These visual insights are supplemented with Pearson correlation coefficients to quantify the strength of these relationships.
Figure 15. Correlation Heatmap.
4.6. Machine Learning Insights
Feature Importance Utilising a Random Forest regressor, we derived the feature importance for predicting formation energy, emphasizing the predictive power of each material property.
Figure 7 refers Feature Importance from Random Forest Analysis. The analysis revealed that the band gap is the most significant predictor of formation energy, underscoring its importance in materials science, particularly in the design and application of new materials.
This chapter has systematically addressed the hypotheses set forth, employing rigorous statistical tests to confirm or refute these. The results substantiate significant differences in formation energy between different classes of materials and elucidate the relationships between physical and electronic properties. These findings are critical for advancing material science and engineering applications, providing a data-driven foundation for future exploratory and predictive studies.
The chapter ensures an objective and quantifiable reporting of results with the standards and offering a clear and comprehensive exposition of the findings derived from our methodology.
5. Discussion and Conclusion
This project has successfully demonstrated the utility of data visualisation and analysis in distinguishing the nuanced variations in materials' properties based on their chemical, physical, and mechanical characteristics. Through the development and deployment of an interactive dashboard, we provided comprehensive insights into how materials with identical chemical formulas can exhibit markedly different properties due to variances in their structural configurations and processing histories.
The band gap variations observed across different crystalline forms of the same material underscored the critical influence of crystal structure on electronic properties. These variations are pivotal in semiconductor applications where the band gap dictates the material's effectiveness in specific uses, such as photovoltaic cells versus light-emitting devices. The ability to manipulate and tailor these properties based on specific needs presents a significant advantage in materials science, particularly in the design and optimization of electronic components.
The inverse relationship between density and volume highlighted in the results not only reinforces basic physical principles but also has practical implications for designing materials for strength-dependent applications like aerospace and automotive industries. Materials with higher densities and lower volumes are typically stronger and more durable, making them ideal for high-stress environments.
Higher density materials generally exhibited greater mechanical strength, indicating their potential for use in high-performance applications that require robustness. Understanding these correlations helps in selecting the right materials for specific applications, optimizing the functionality and efficiency of the final product.
The project's findings are particularly relevant to industries where material performance is critical to the success of the final product. In the semiconductor industry, for example, precise control over band gap properties can significantly enhance device performance. Similarly, in aerospace and automotive sectors, optimizing the strength and density of materials can lead to safer, more efficient vehicles.
Conclusion and Future Work
In conclusion, this project has provided a comprehensive exploration of material science through the lens of comparative analysis and dashboard creation. By leveraging advanced data analytics techniques, we have gained valuable insights into the diverse properties of materials with the same chemical formulae, shedding light on their physical, chemical, and mechanical characteristics. The development of a dynamic dashboard using PowerBI has facilitated the visualisation and interpretation of complex data, empowering stakeholders to make informed decisions regarding material selection and optimisation.

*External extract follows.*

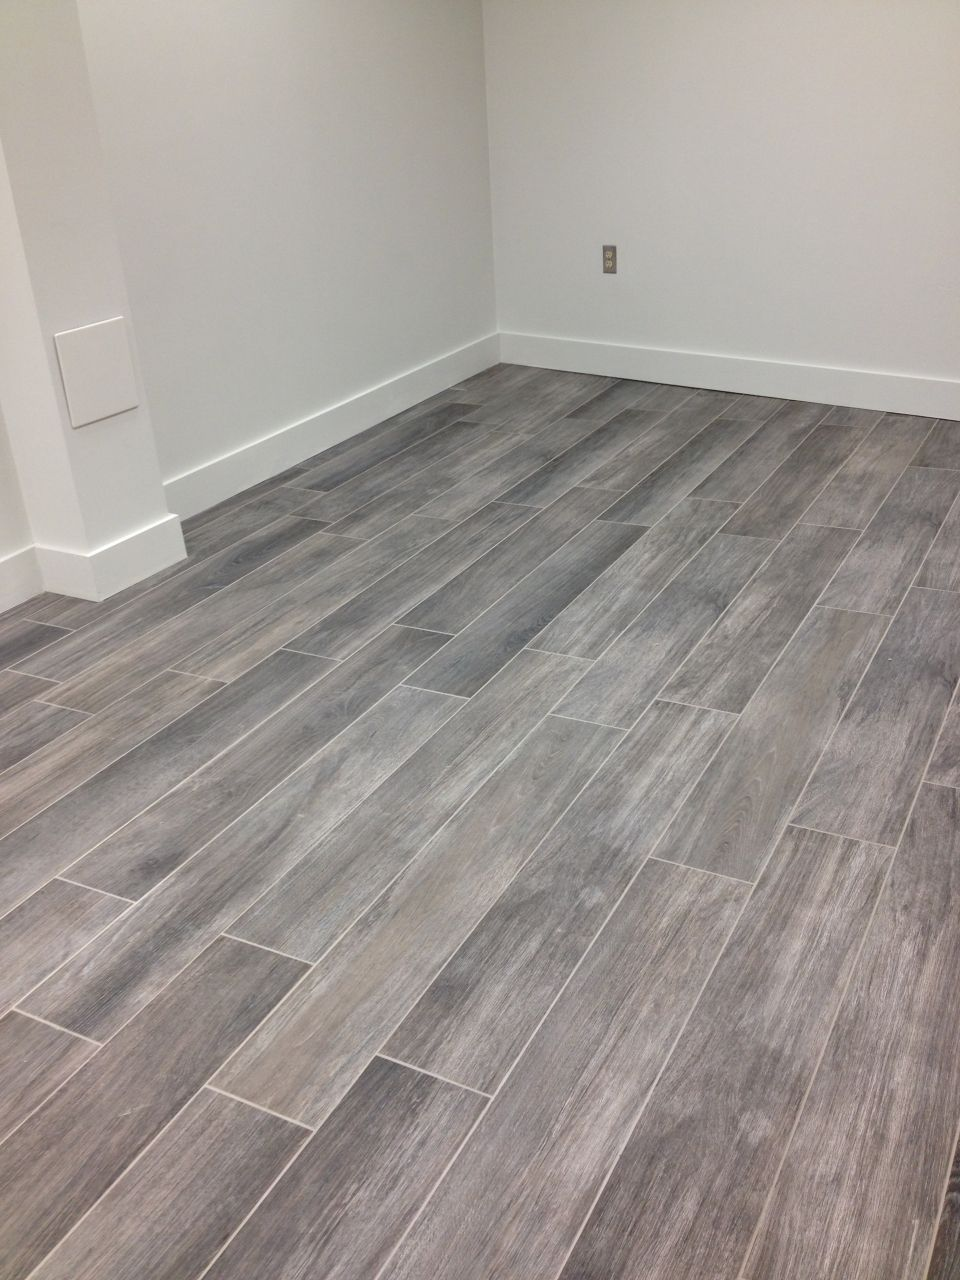 gray wood tile floor nO3lcD6n8 | Homes | Pinterest | Wood ...

Moving forward, it is recommended to further refine the dashboard interface to enhance user experience and accessibility. Incorporating interactive features such as filters, tooltips, and drill-down capabilities can improve data exploration and analysis. Additionally, integrating real-time data feeds and predictive analytics models can enable proactive decision-making and support continuous improvement initiatives in material science research and development.

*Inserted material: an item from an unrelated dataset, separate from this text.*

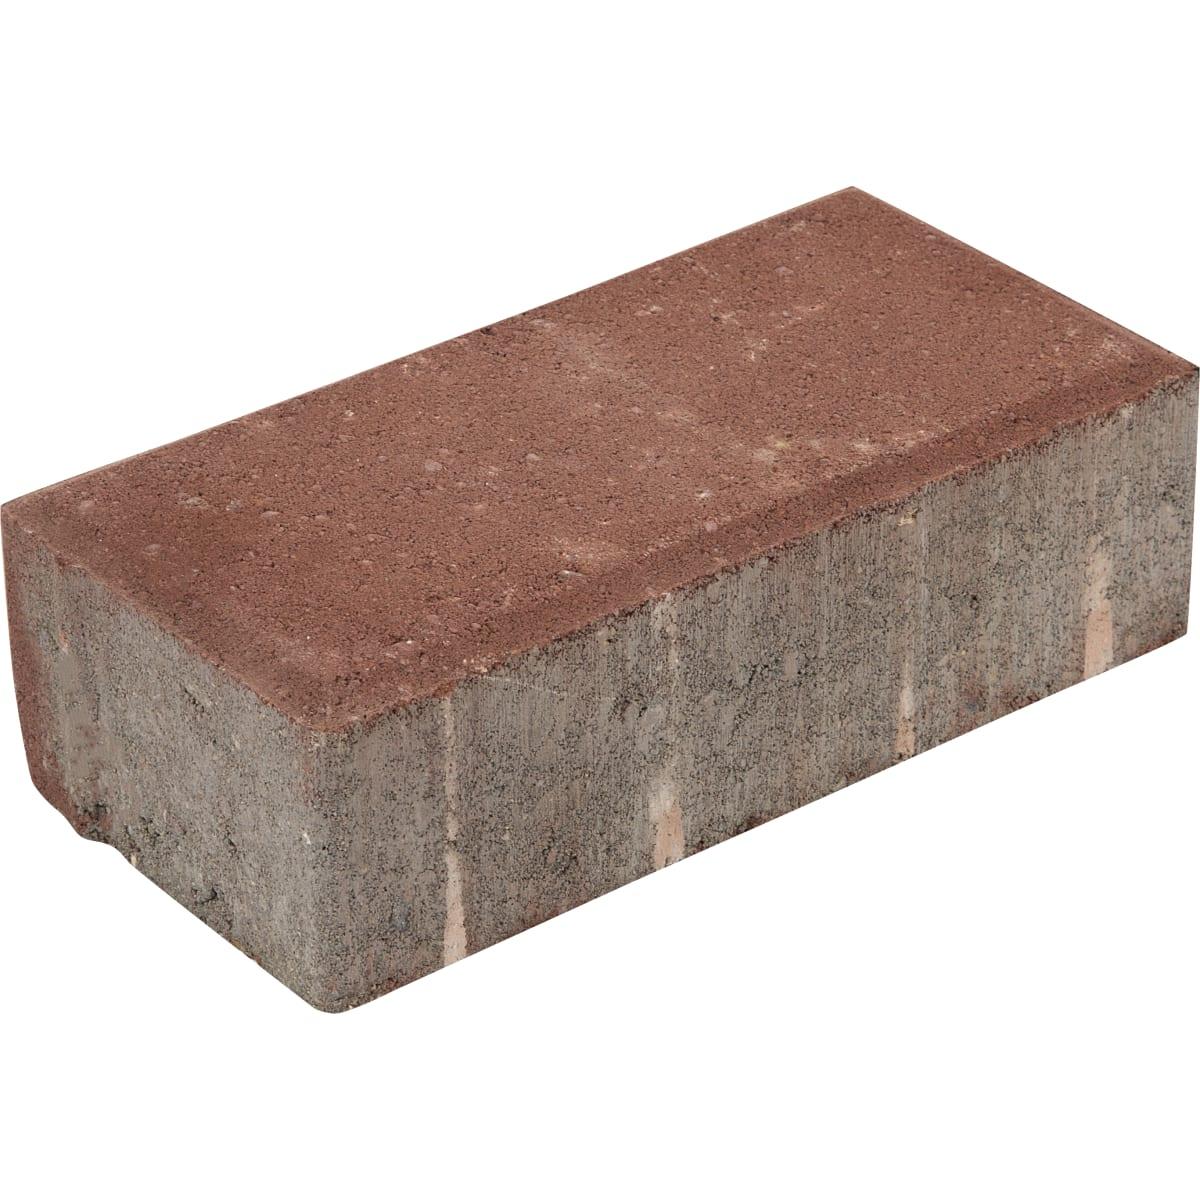 Плитка тротуарная двухслойная Braer 200х100x40 мм цвет красный

Furthermore, there is potential to expand the scope of this project by incorporating additional datasets and exploring more advanced machine learning algorithms for predictive modeling. This could involve predicting material properties based on compositional and structural attributes, thus facilitating the discovery of novel materials with tailored properties for specific applications.
Overall, this project has laid the foundation for future research and innovation in material science, emphasizing the importance of data-driven approaches in understanding and harnessing the vast potential of materials. By embracing emerging technologies and fostering collaboration between academia and industry, we can accelerate the pace of discovery and drive meaningful advancements in materials engineering and technology.
Overall, the project highlights the importance of advanced data tools in understanding and utilizing material properties for improved application outcomes. Future work could explore deeper integration with predictive analytics to forecast material behaviours under various conditions, further enhancing the material selection process for specific applications.
By leveraging these insights, industries can achieve higher levels of innovation and efficiency, driving forward the development of next-generation materials tailored to meet the evolving demands of technology and manufacturing.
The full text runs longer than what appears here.